Neural Networks in MySQL
On the Cross Validate website one person asked for a code that implements neural network in SQL and it caught my attention so I decided to give it a try. Unfortunately, the question have been deleted from the website, but I’ve managed to get a screen shot from the cached web page in the google search. So here it is:
The question is kind of funny, but I can understand why the person asked such a question. Lots of papers and books can look a bit complicated and overwhelming due to math and terminology that is used and people try to find a more familiar way for them to understand neural networks. Anyway, the question in some way looks interesting to me. After reading that, I started thinking how it can be implemented and then I came up with a simple solution that I’m going to present here as a main point of this article.

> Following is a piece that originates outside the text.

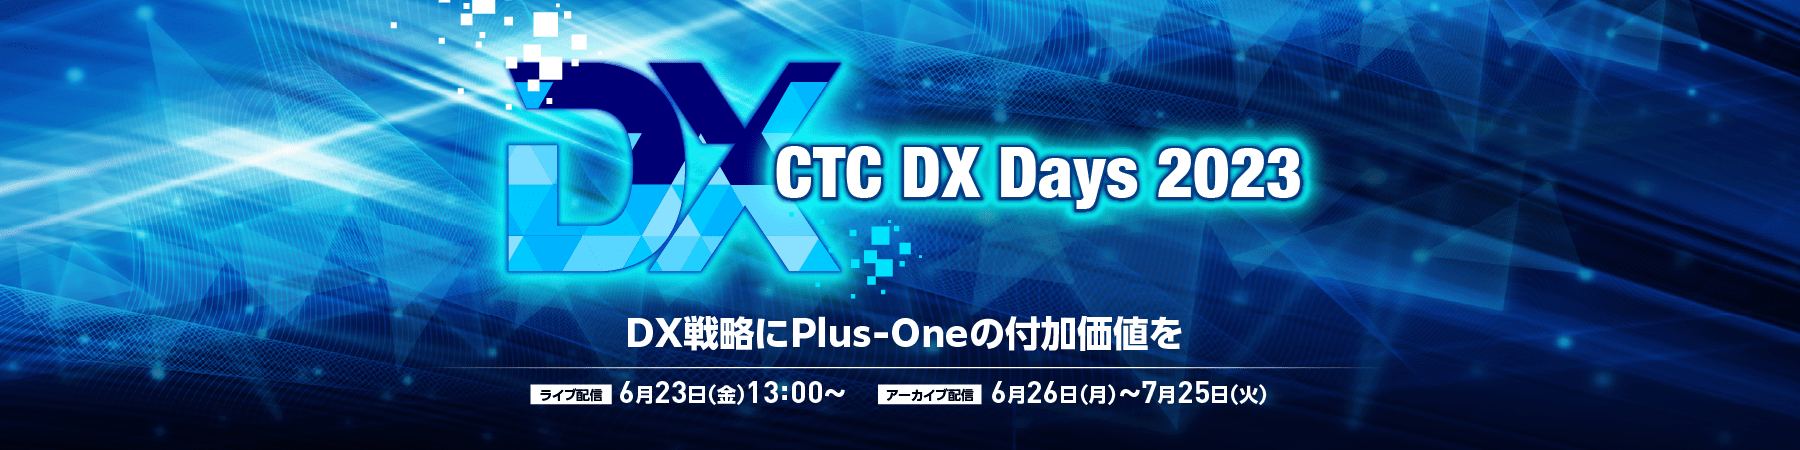 CTC DX Days 2023「DX戦略にPlus-Oneの付加価値を」

Before I start I would like to clarify a few things. So the first one is that it’s not a real work or something that you can use practically, I made it just for fun. The solution is not flexible and it’s hard to scale it (but possible). The second thing is that I’ve made a simple working prototype, so there are probably some places in the code that can be optimized and simplified, but again, I don’t care about the speed or accuracy. The main point is to make it work. However, I will be happy to add some improvements to the code if somebody is interested.
I’ve added three tables that contain the most important information. The Dataset and DatasetClass tables contain all the information about the dataset. As you can see in the figure below, the tables have a very simpe structure, but if you look closely at Dataset and Parameters tables, they might appear a bit odd. Basically, they are matrices. Each row stores information about a cell in this matrix. There are three main properties that each cell value from the matrix should have: row index, column index and value. Why this format is better, we will see soon.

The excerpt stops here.